[Opening DATA SEGMENT section]

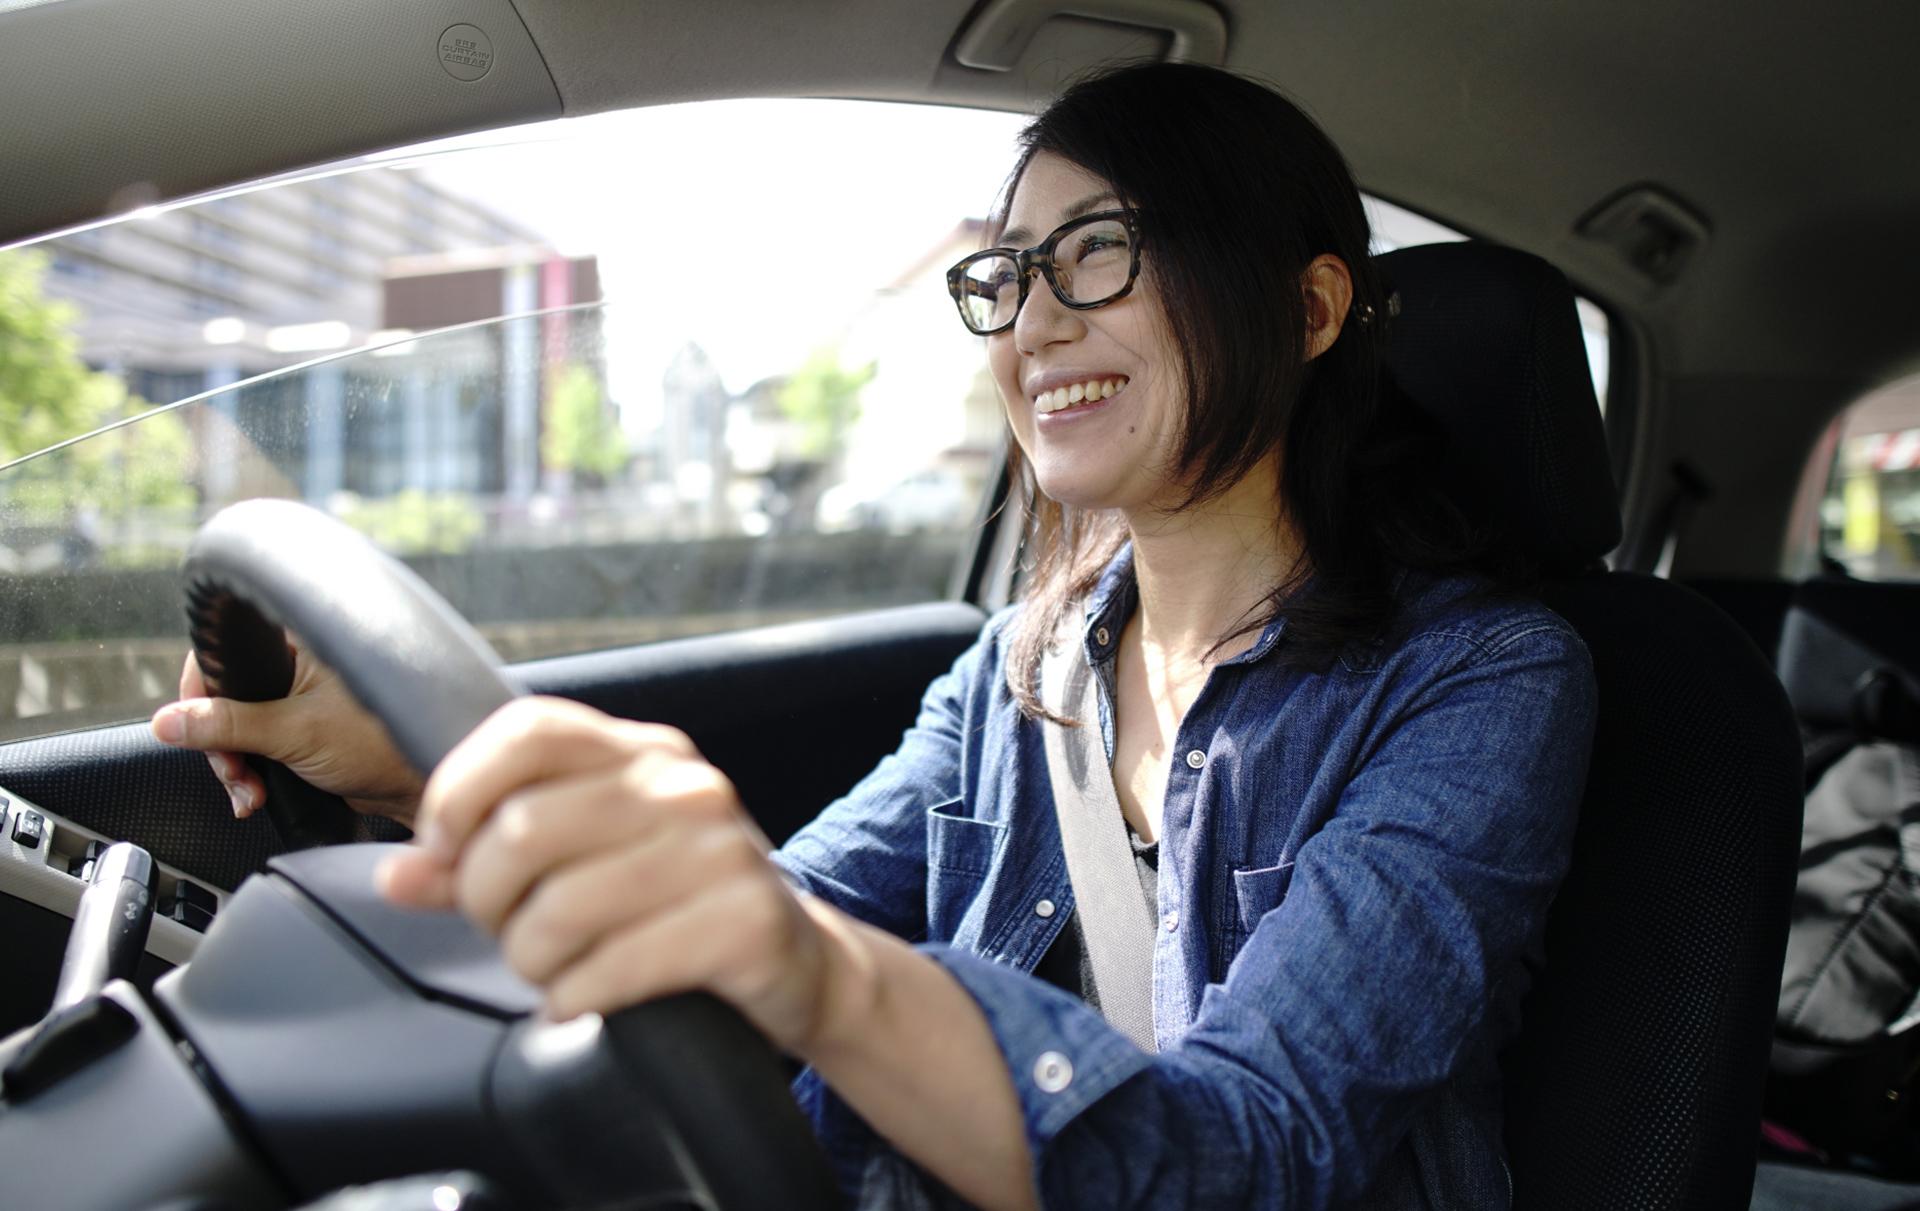 記事 吉田恵美様 30代 女性 会社員のアイキャッチ画像
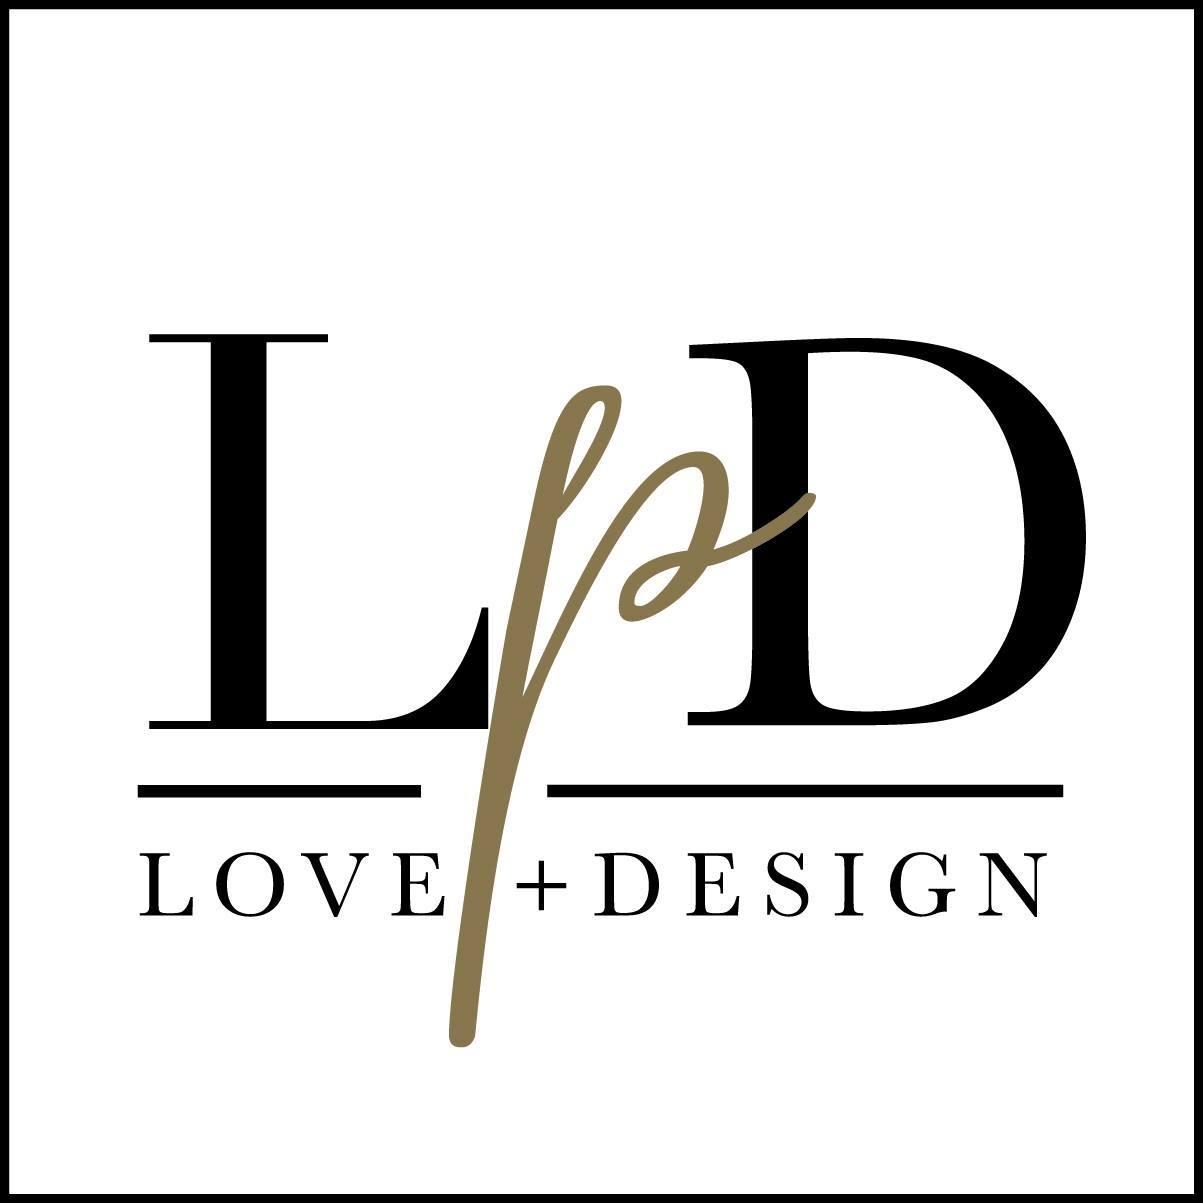 Love Plus Design
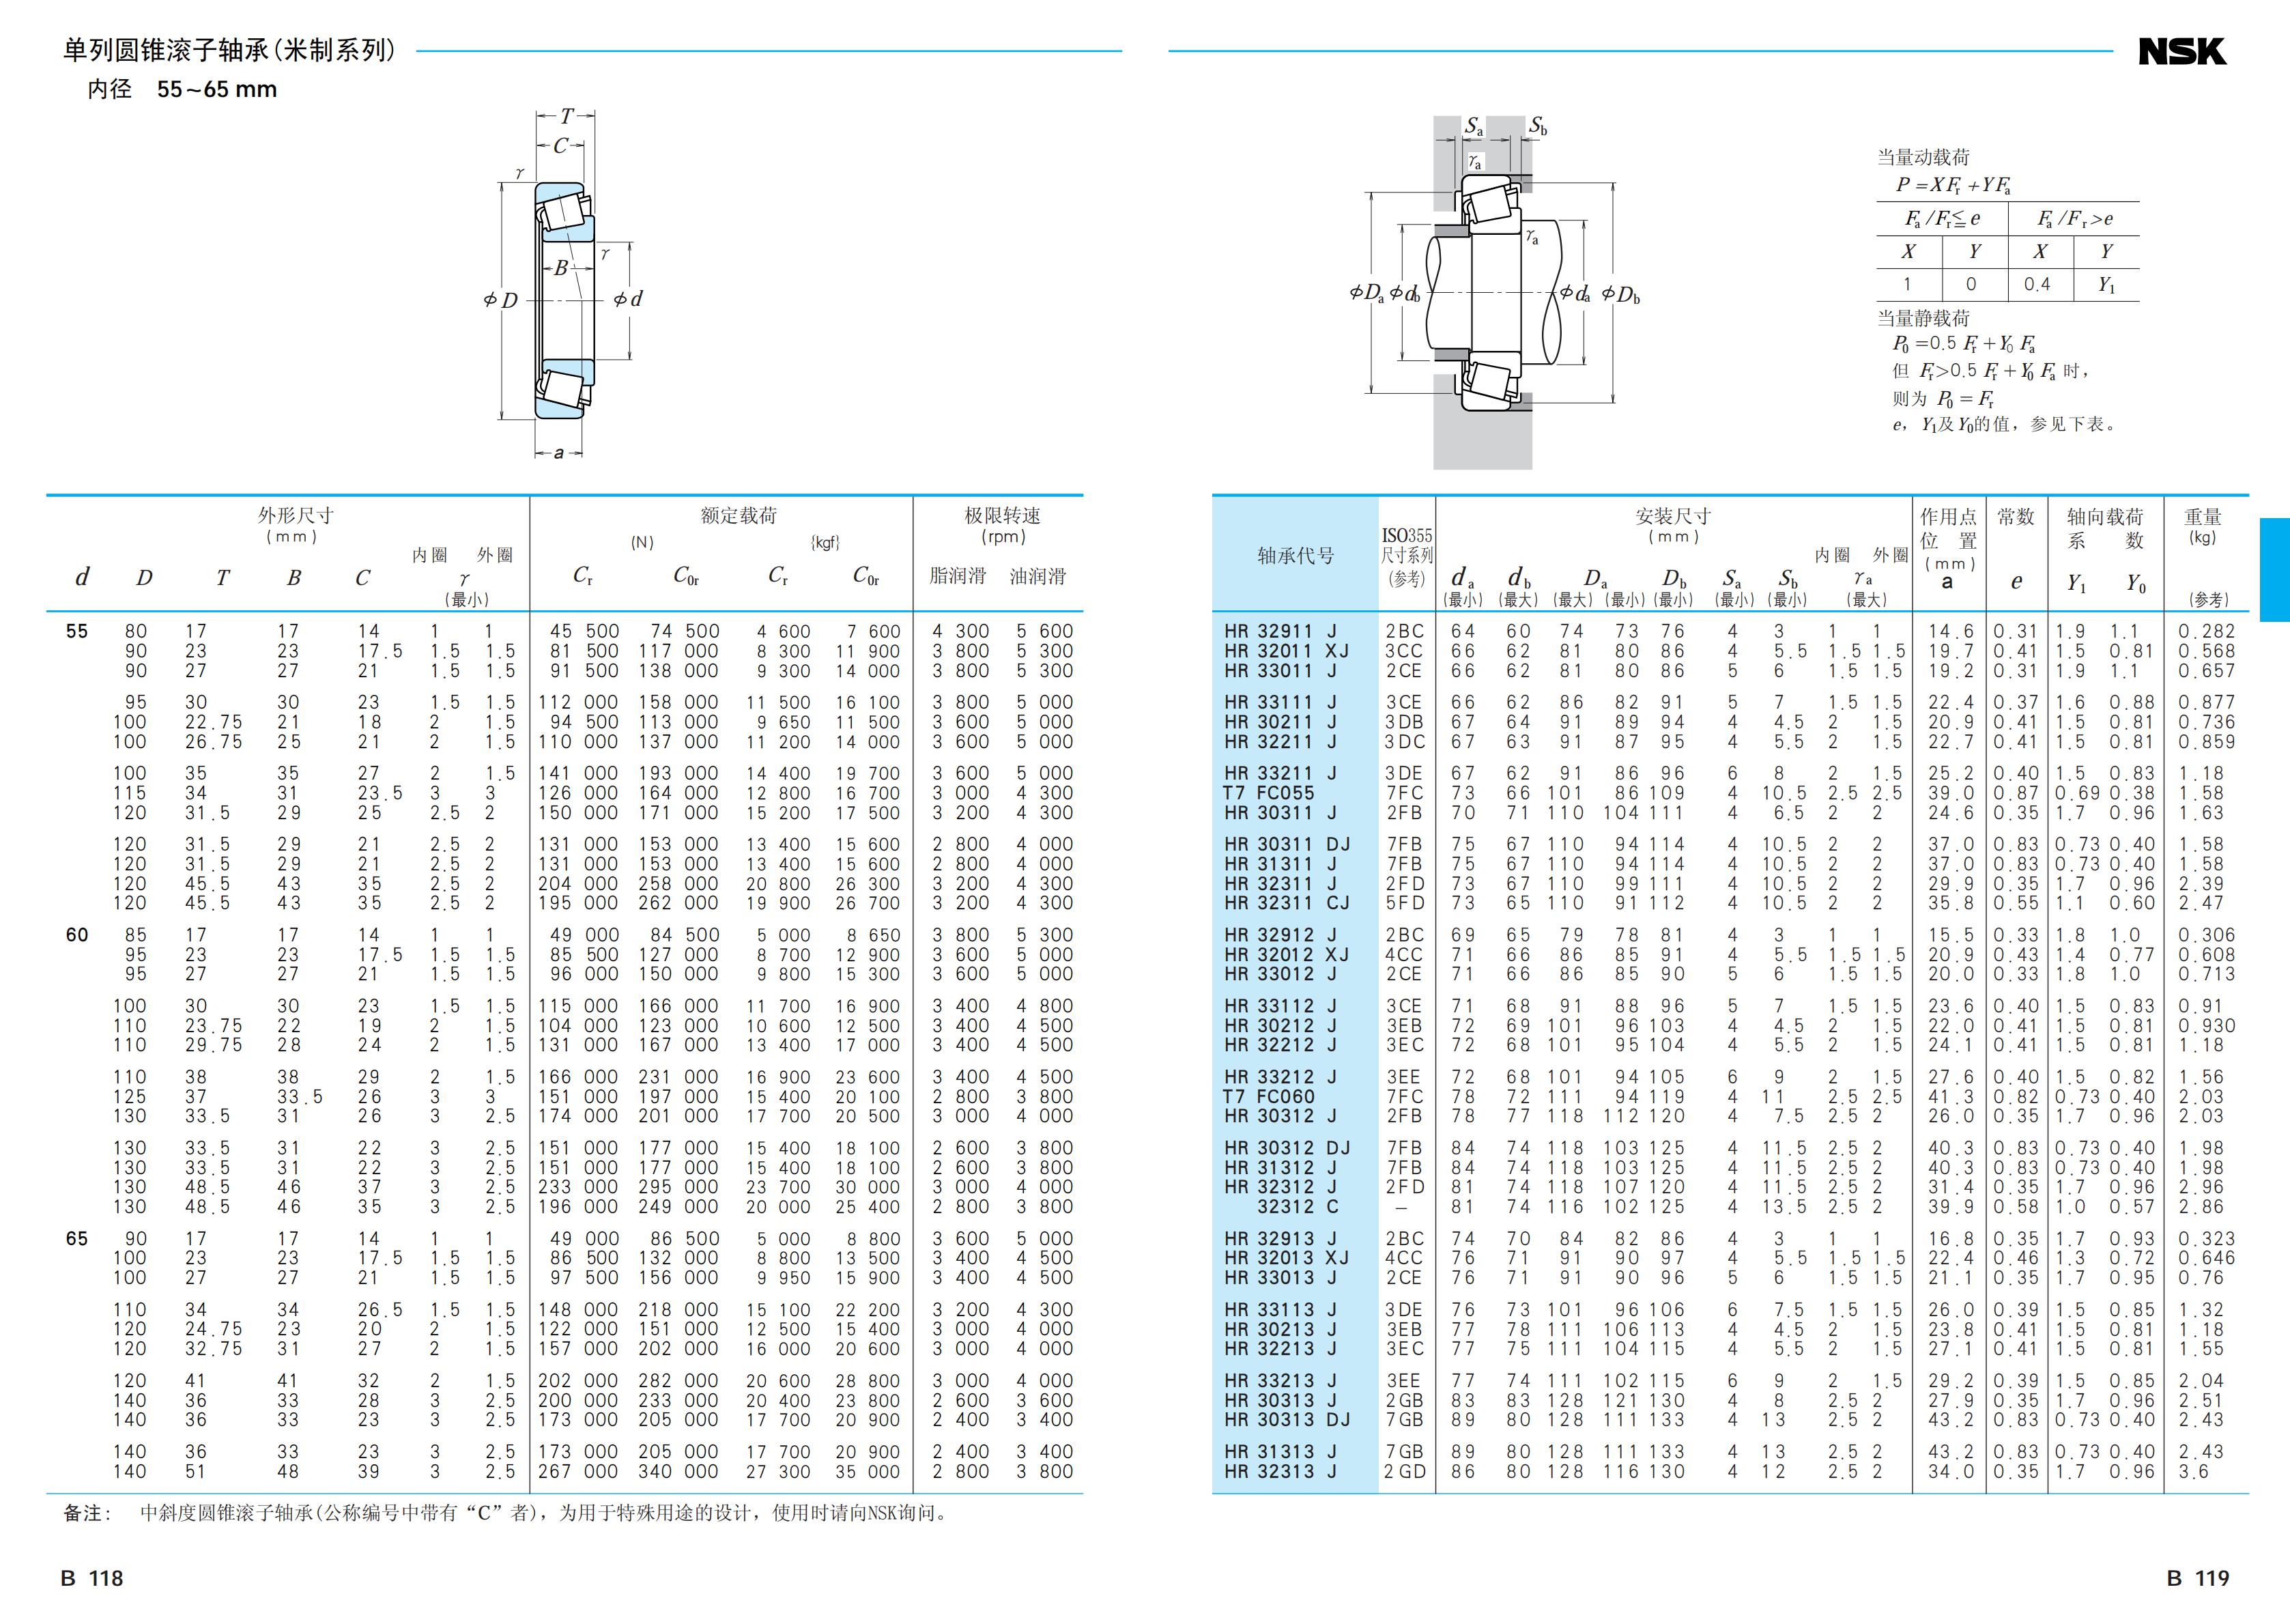 NSK NSK轴承 NSK圆锥滚子轴承HR30206J HR30208J HR30209J HR30306J NSK,NSK轴承,NSK进口轴承,NSK圆锥滚子轴承,NSK代理商

[Closing DATA SEGMENT section]

Reproduce every line of the data above, exactly as it stands, but not the pictures.

• ANSWER AREA:
 記事 吉田恵美様 30代 女性 会社員のアイキャッチ画像
 Love Plus Design
 NSK NSK轴承 NSK圆锥滚子轴承HR30206J HR30208J HR30209J HR30306J NSK,NSK轴承,NSK进口轴承,NSK圆锥滚子轴承,NSK代理商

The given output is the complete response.